Deforestation Must Stop to Curb CO2 Emissions

Deforestation Must Stop to Curb CO2 Emissions

Source: European Commission, Environment DGPublished May 30, 2008

Clearing tropical forests and peat swamps has a significant environmental impact, in particular on climate change.

Sumatra in Indonesia is one region that serves as an example of how forest clearance can contribute to carbon dioxide emissions and loss of biodiversity, according to a new report. Around 20 per cent of the world's CO2 emissions are caused by deforestation, often in countries like Indonesia and Brazil with rich biodiversity.

Indonesia is one of the world's largest carbon emitters. Between 1990 and 2007, the estimated total emissions from the Indonesian province of Riau were 3.66 Gt of CO2, including emissions from deforestation, forest degradation and decomposition and peat burning.

Carbon sequestered by the acacia and palm oil plantations that replaced much of the forest was estimated to be 0.24 Gt CO2. The average annual CO2 emissions from deforestation in Riau Province between 1990 and 2007 was equivalent to 79 per cent of Indonesia's total annual emissions from the energy sector in 2004.

In Riau Province in Sumatra, 4.2 million hectares (around two thirds) of tropical forests and peat swamp have been cleared in the last 25 years. Riau's deforestation is driven by large pulp and paper companies, as well as a number of palm oil companies. The harvested wood from the forests is used in pulp mills.

Around a quarter of the forest has been replaced with industrial pulpwood plantations, with about a third of the cleared land now used for industrial oil palm plantations. The remainder has been left as wasteland or is now covered by various smaller scale land uses.

Riau's biodiversity rich non-peatland forest, home to the endangered Sumatran elephant, has almost all been cleared with the exception of small blocks of protected forests.

The industry has now turned to clear natural forests on Riau's vast peat lands that are estimated to hold Southeast Asia's largest store of carbon and contain key habitats for the critically endangered Sumatran tiger.
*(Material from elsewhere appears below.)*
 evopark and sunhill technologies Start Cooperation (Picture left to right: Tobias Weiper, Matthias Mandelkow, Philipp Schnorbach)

Sumatra is the only place on Earth where elephants, tigers, orangutans and rhinoceroses co-exist, but in Riau, Sumatran elephants and tigers are disappearing faster than their forests and may become locally extinct in a few years' time if deforestation continues.
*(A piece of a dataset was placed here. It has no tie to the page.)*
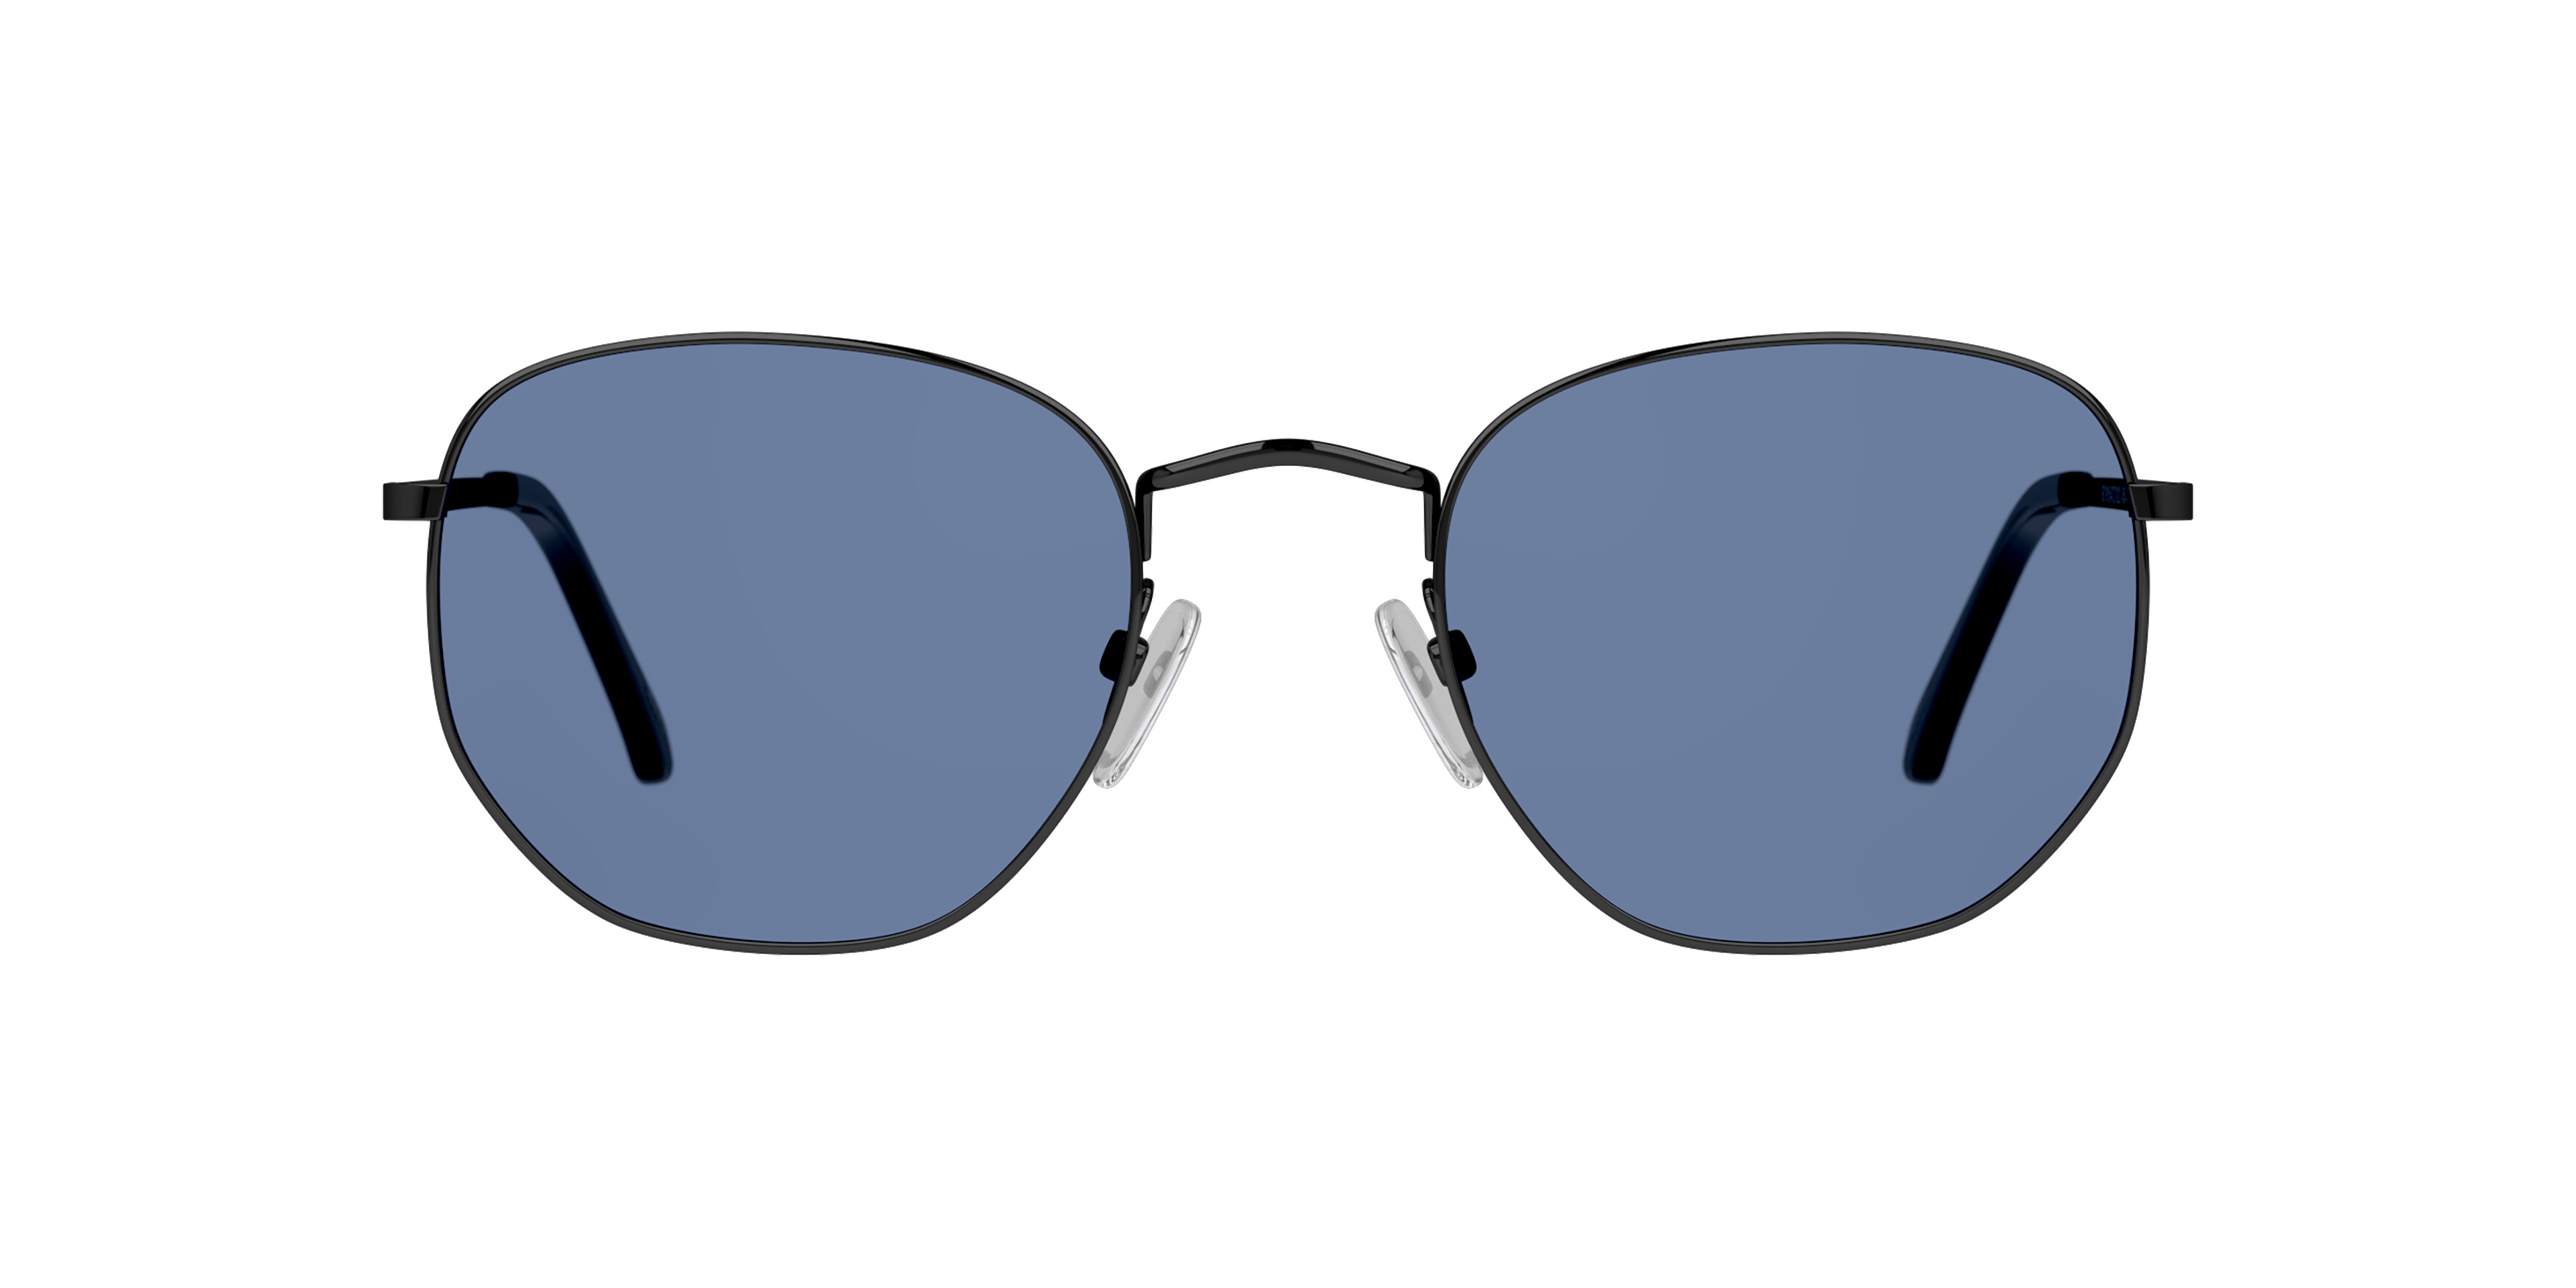 [products.image.front] Seen SNSU0021 BBC0 Sonnenbrille

The report calls on both the Indonesian government and industry to create incentives to prevent all further deforestation and forest degradation on peat lands, using mechanisms to encourage commercialization of environmental services, such as avoiding deforestation, water and soil protection and biodiversity conservation.

The report also suggests that all remaining unprotected peatland forest and other forests with high conservation values should be declared as nationally controlled protected areas and that new pulpwood or oil palm plantations only be established on existing wasteland on non peat soil. Global consumption of pulp and paper and palm oil is the underlying cause behind Riau's deforestation, the report concludes.

Market forces may help prevent further forest destruction through carbon trading schemes that would benefit the local economy and outweigh incentives for further industrial development of the land.